▶ **Recorded information**

»»

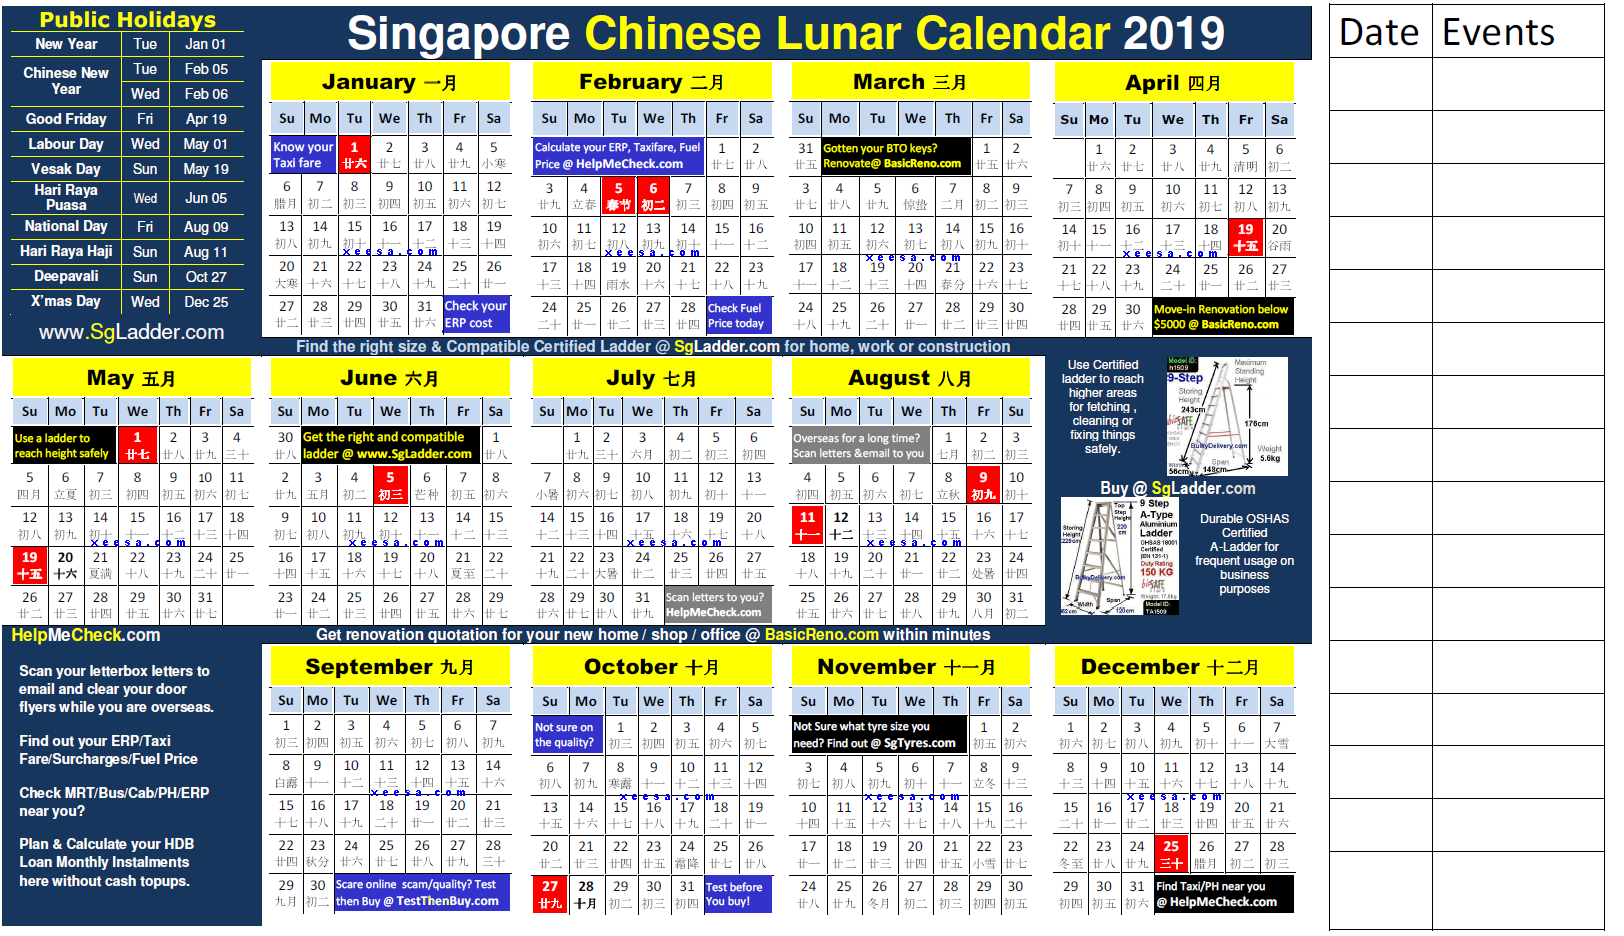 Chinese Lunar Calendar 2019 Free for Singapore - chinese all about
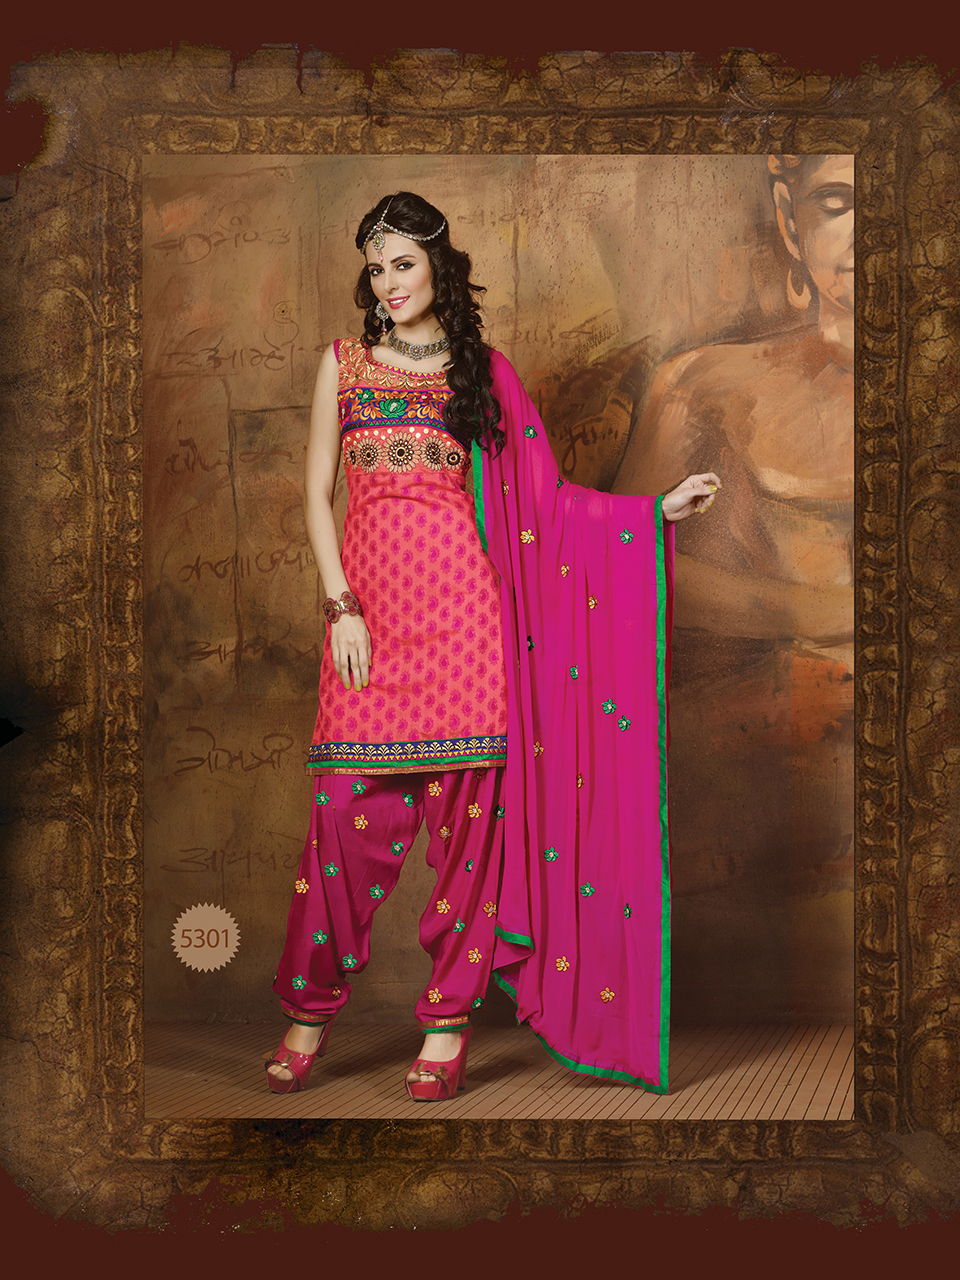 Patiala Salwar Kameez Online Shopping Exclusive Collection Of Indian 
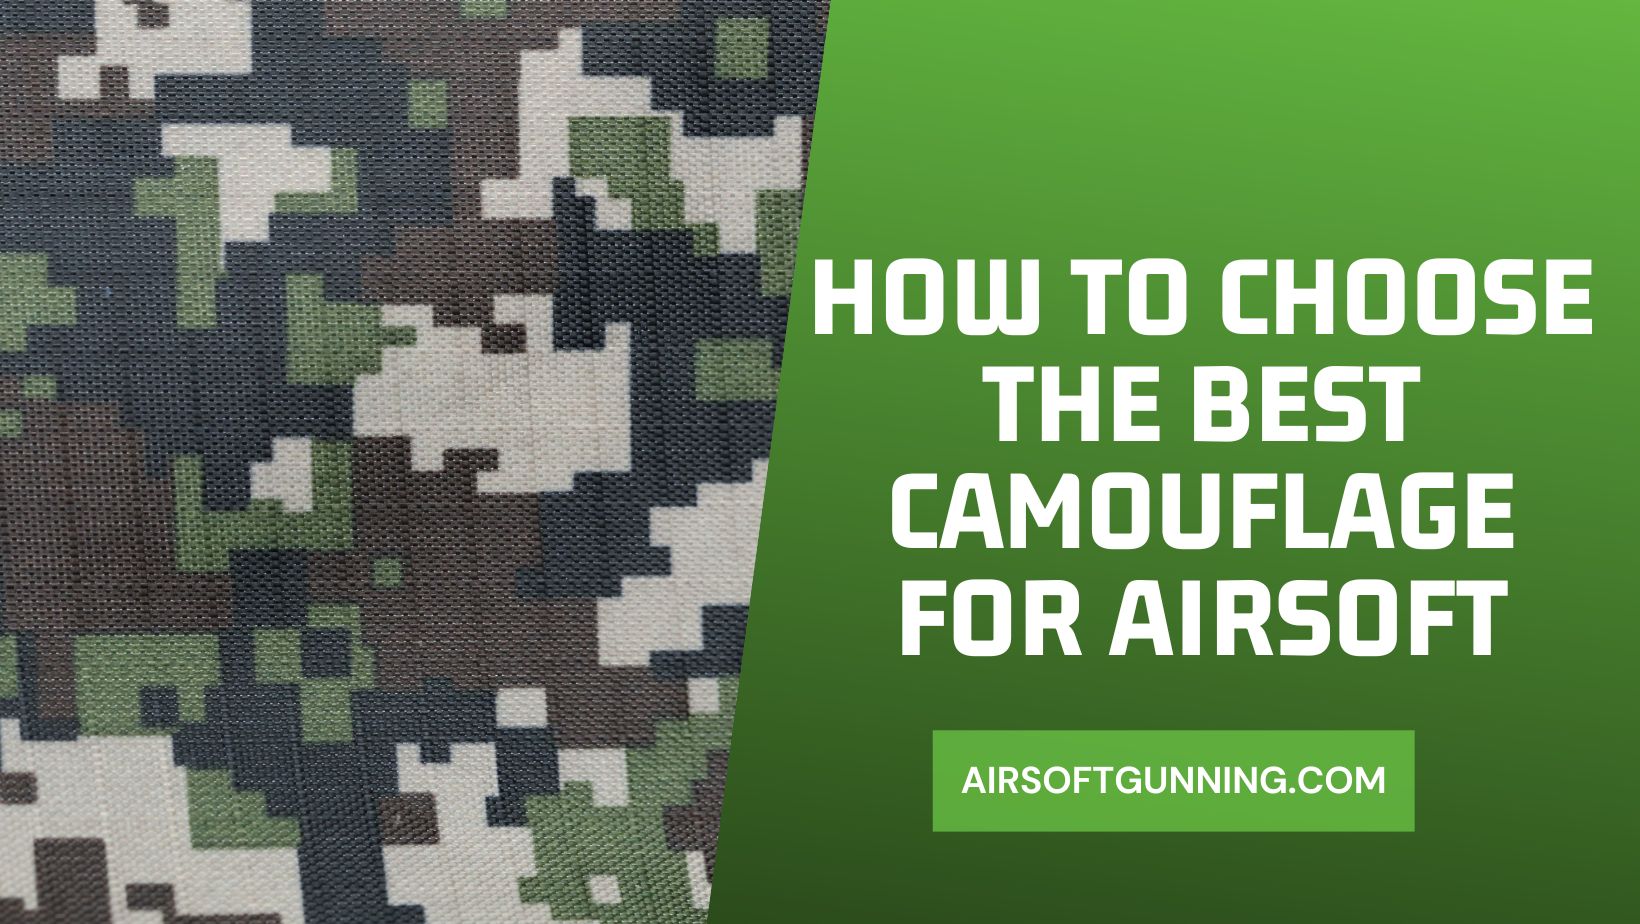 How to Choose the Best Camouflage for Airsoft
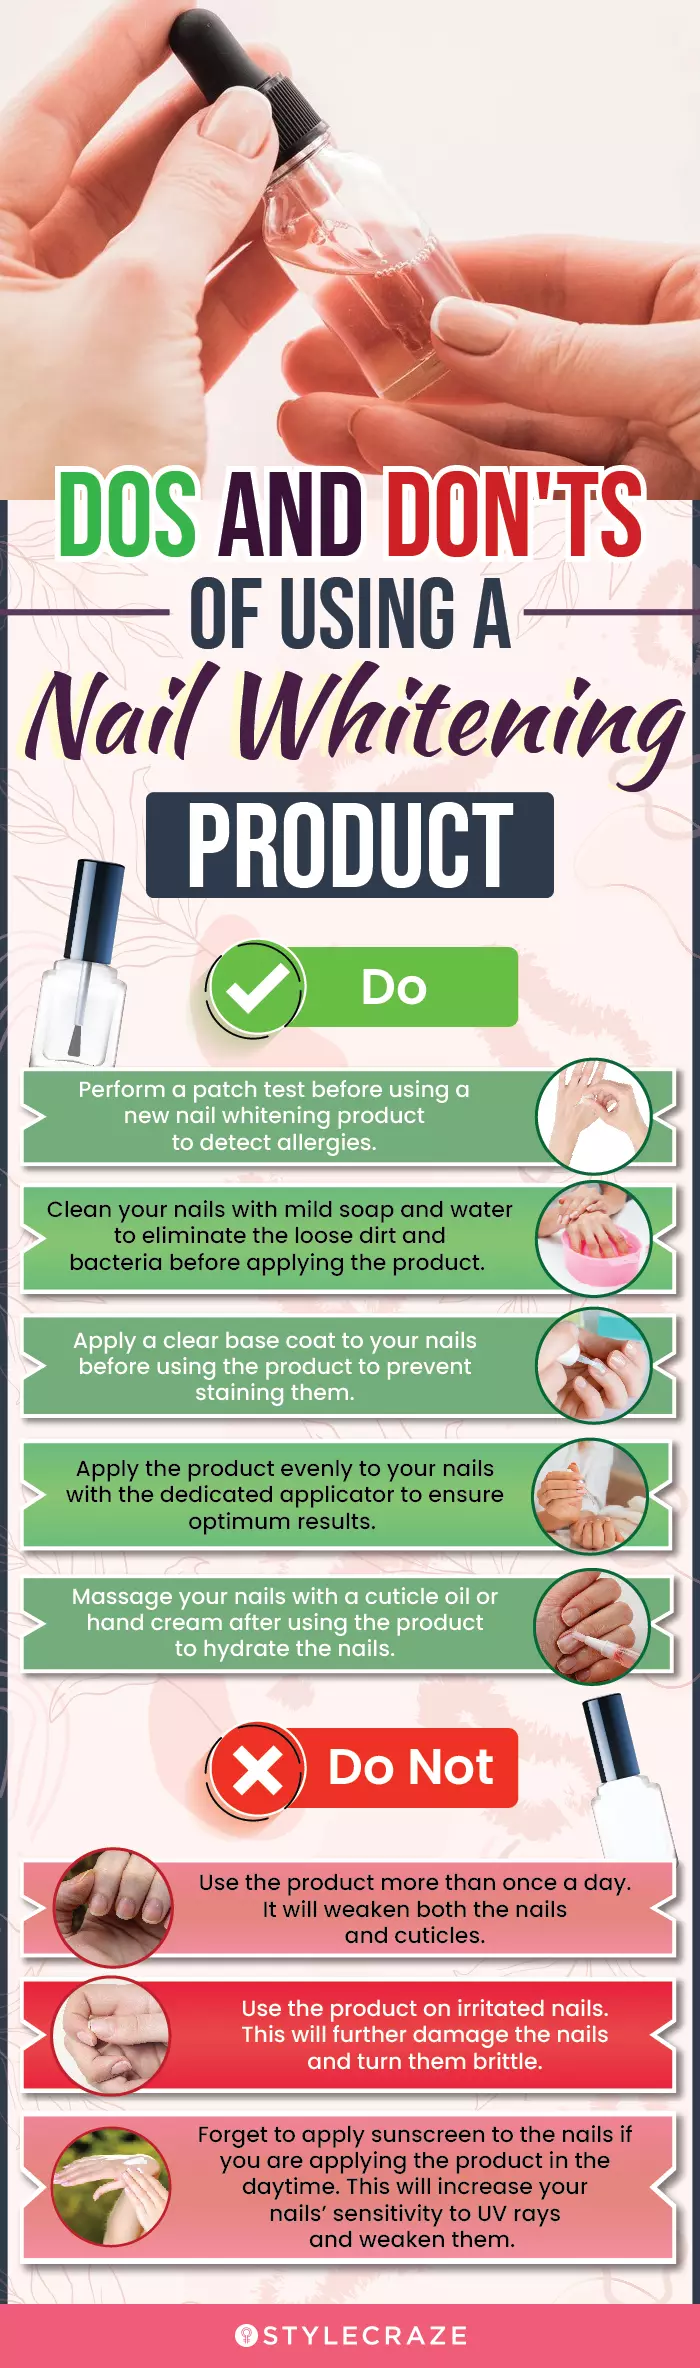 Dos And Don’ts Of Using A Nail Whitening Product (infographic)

««

▶ **Problem description**
An exact restatement is expected of the lines from the line containing "How to Choose" to the end of the data above, pictures excluded.

▶ **Response**
 How to Choose the Best Camouflage for Airsoft
 Dos And Don’ts Of Using A Nail Whitening Product (infographic)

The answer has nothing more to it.